## Collected data

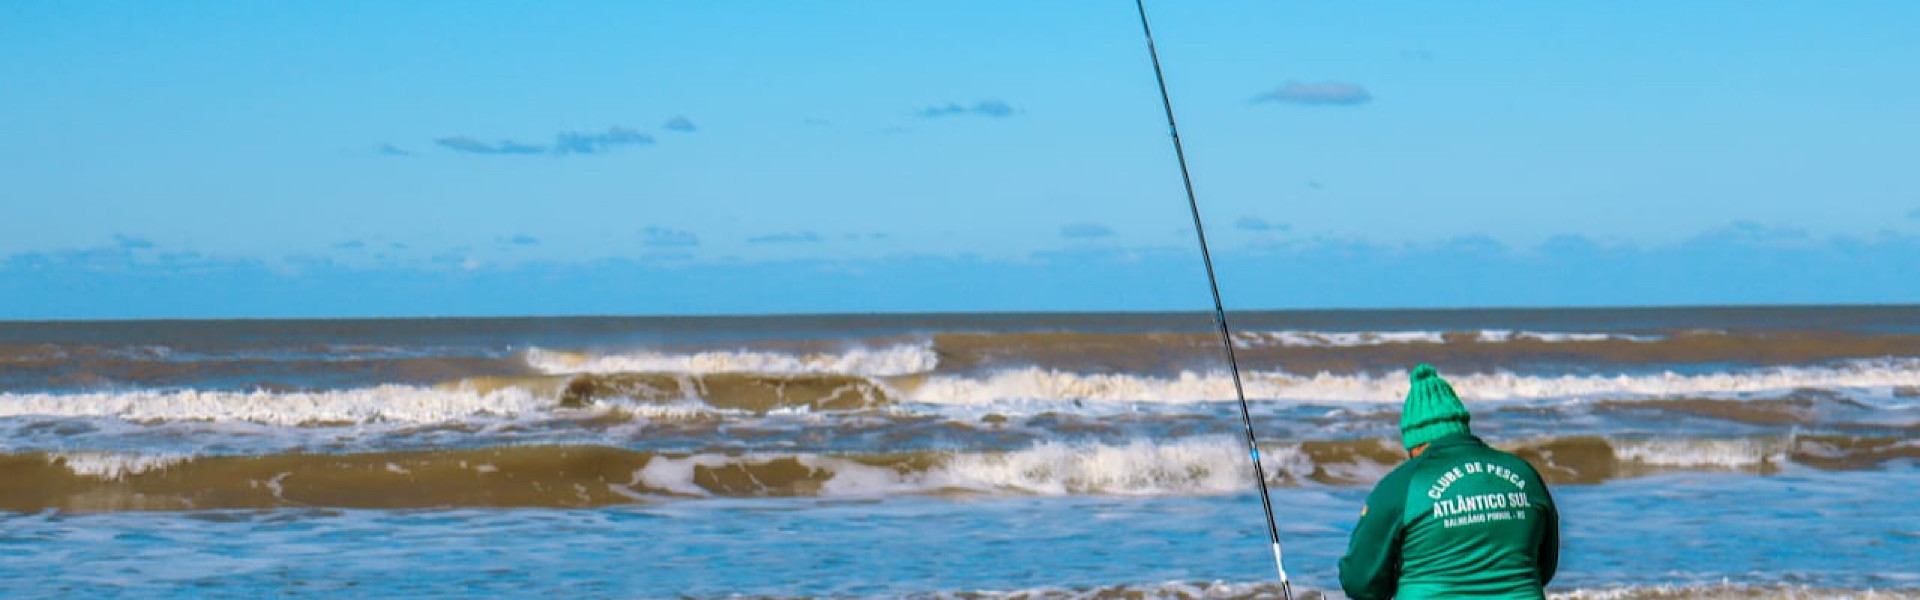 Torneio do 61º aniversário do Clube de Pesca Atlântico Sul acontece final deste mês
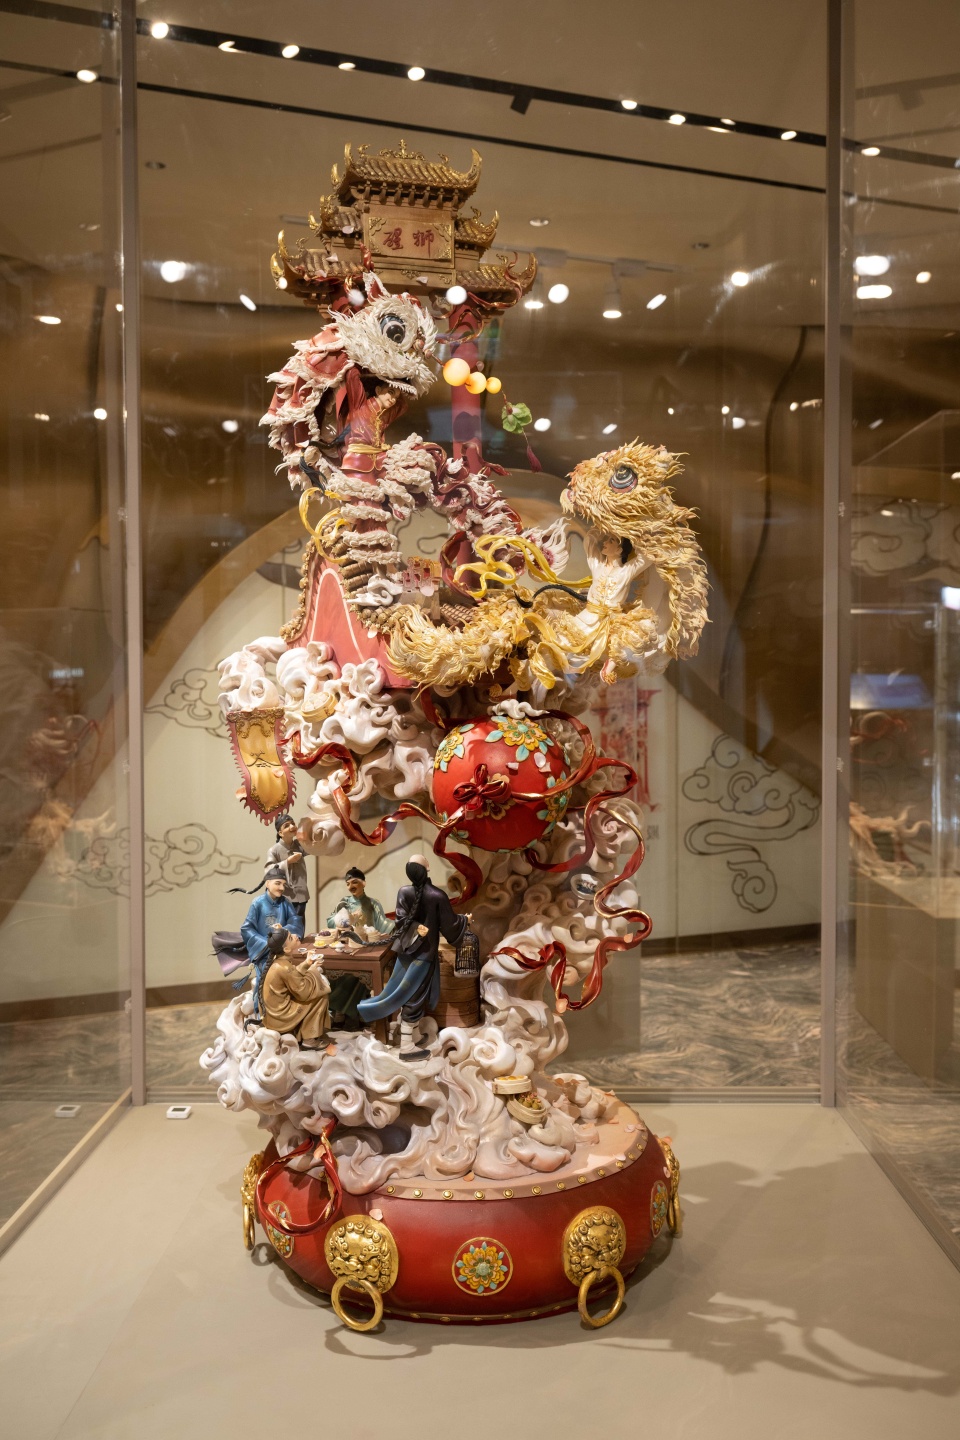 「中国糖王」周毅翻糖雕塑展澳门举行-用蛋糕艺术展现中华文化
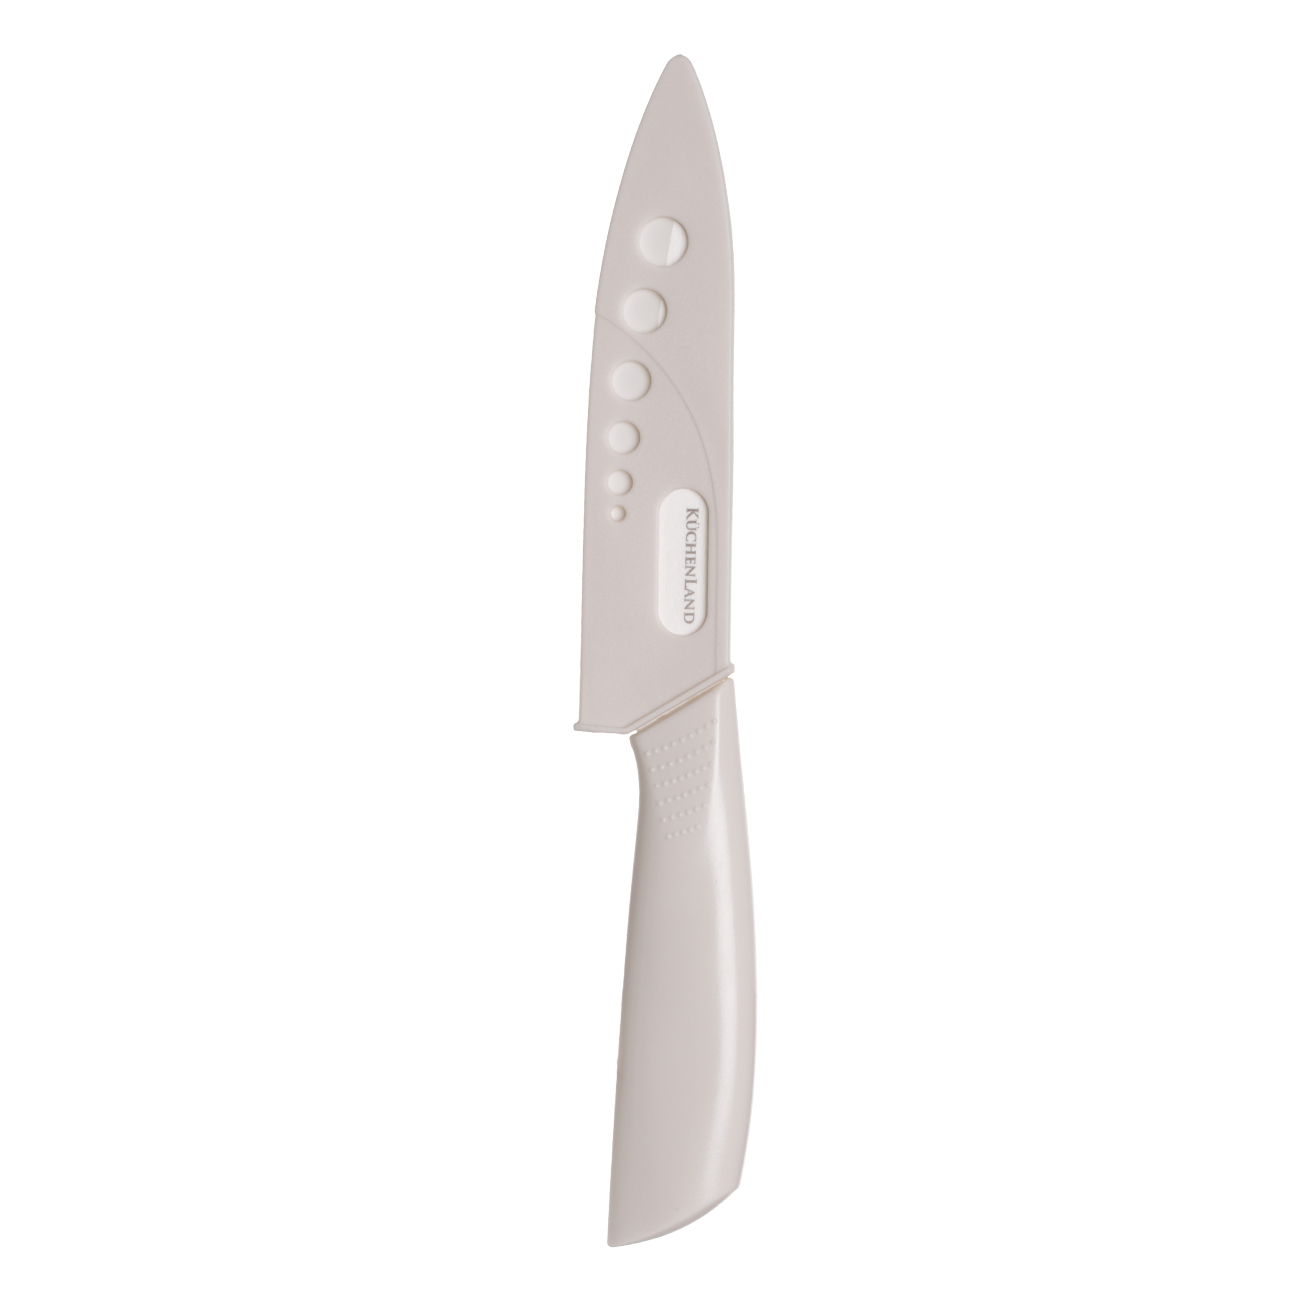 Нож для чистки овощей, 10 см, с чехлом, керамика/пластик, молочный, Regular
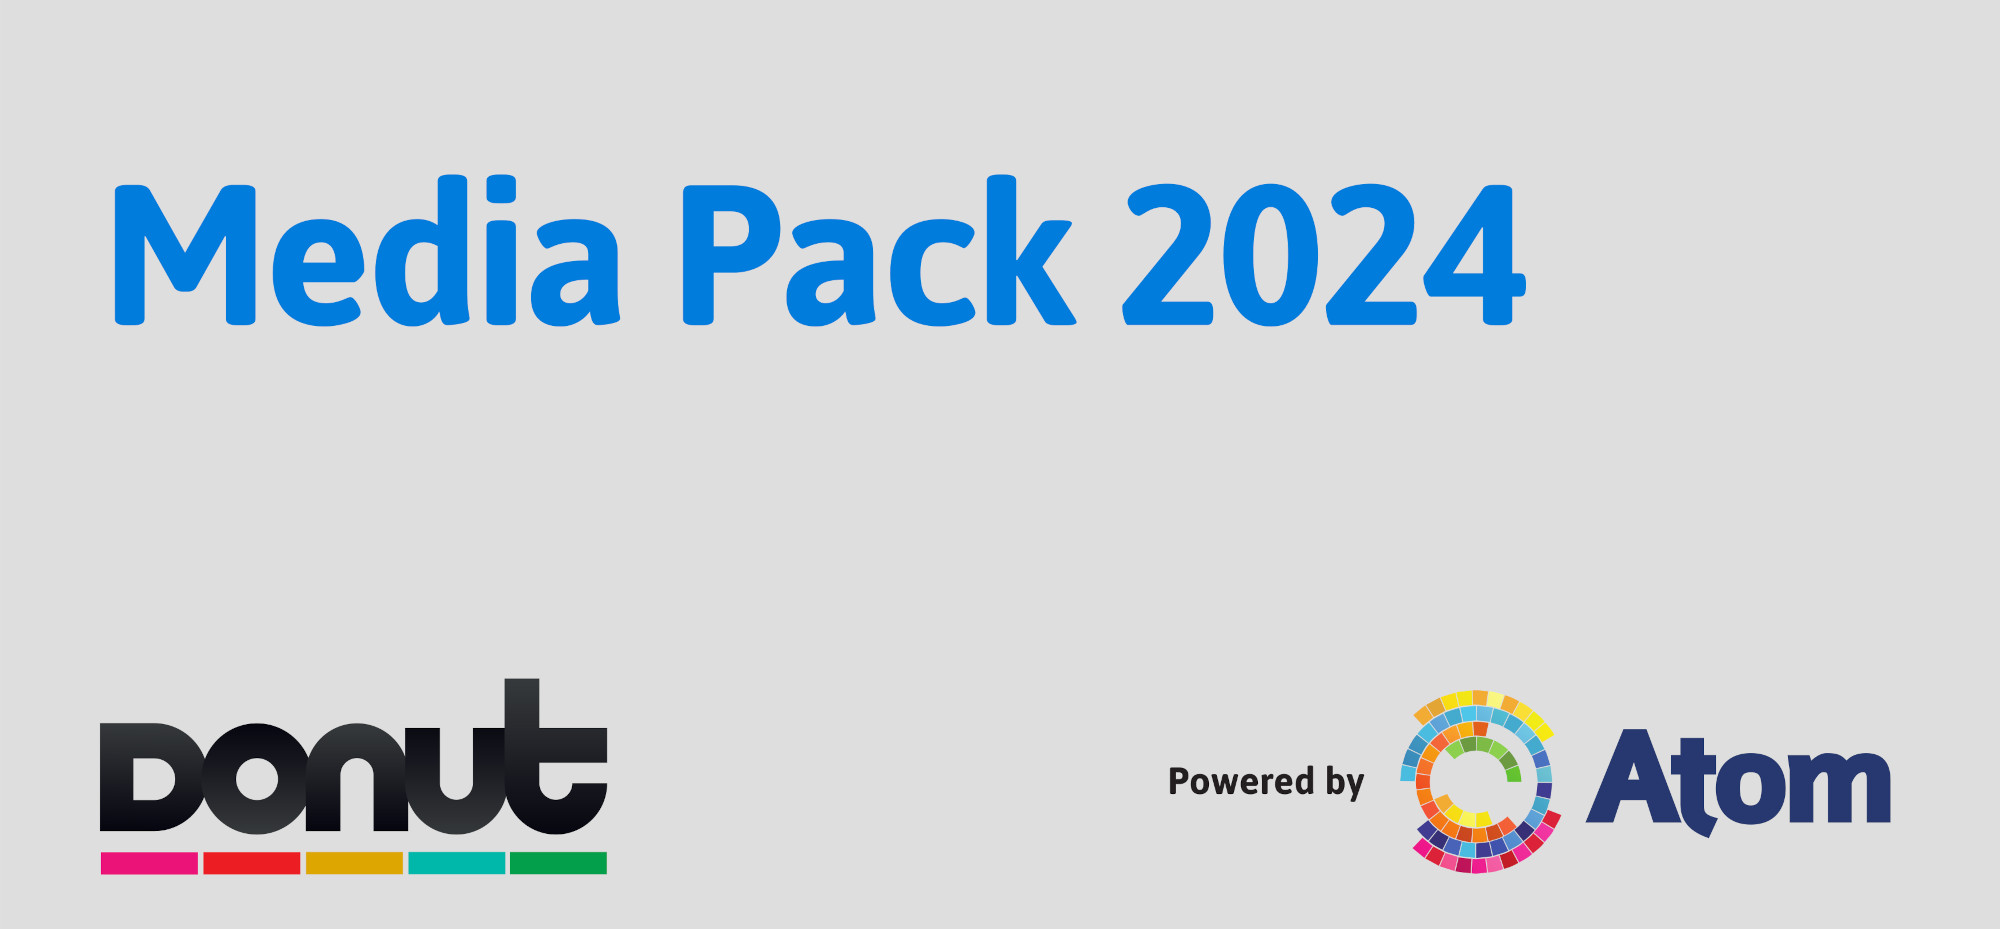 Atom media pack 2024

## Problem to solve
Copy all the lines of data exactly as they appear, dropping any images.

## Solution to this problem
 Torneio do 61º aniversário do Clube de Pesca Atlântico Sul acontece final deste mês
 「中国糖王」周毅翻糖雕塑展澳门举行-用蛋糕艺术展现中华文化
 Нож для чистки овощей, 10 см, с чехлом, керамика/пластик, молочный, Regular
 Atom media pack 2024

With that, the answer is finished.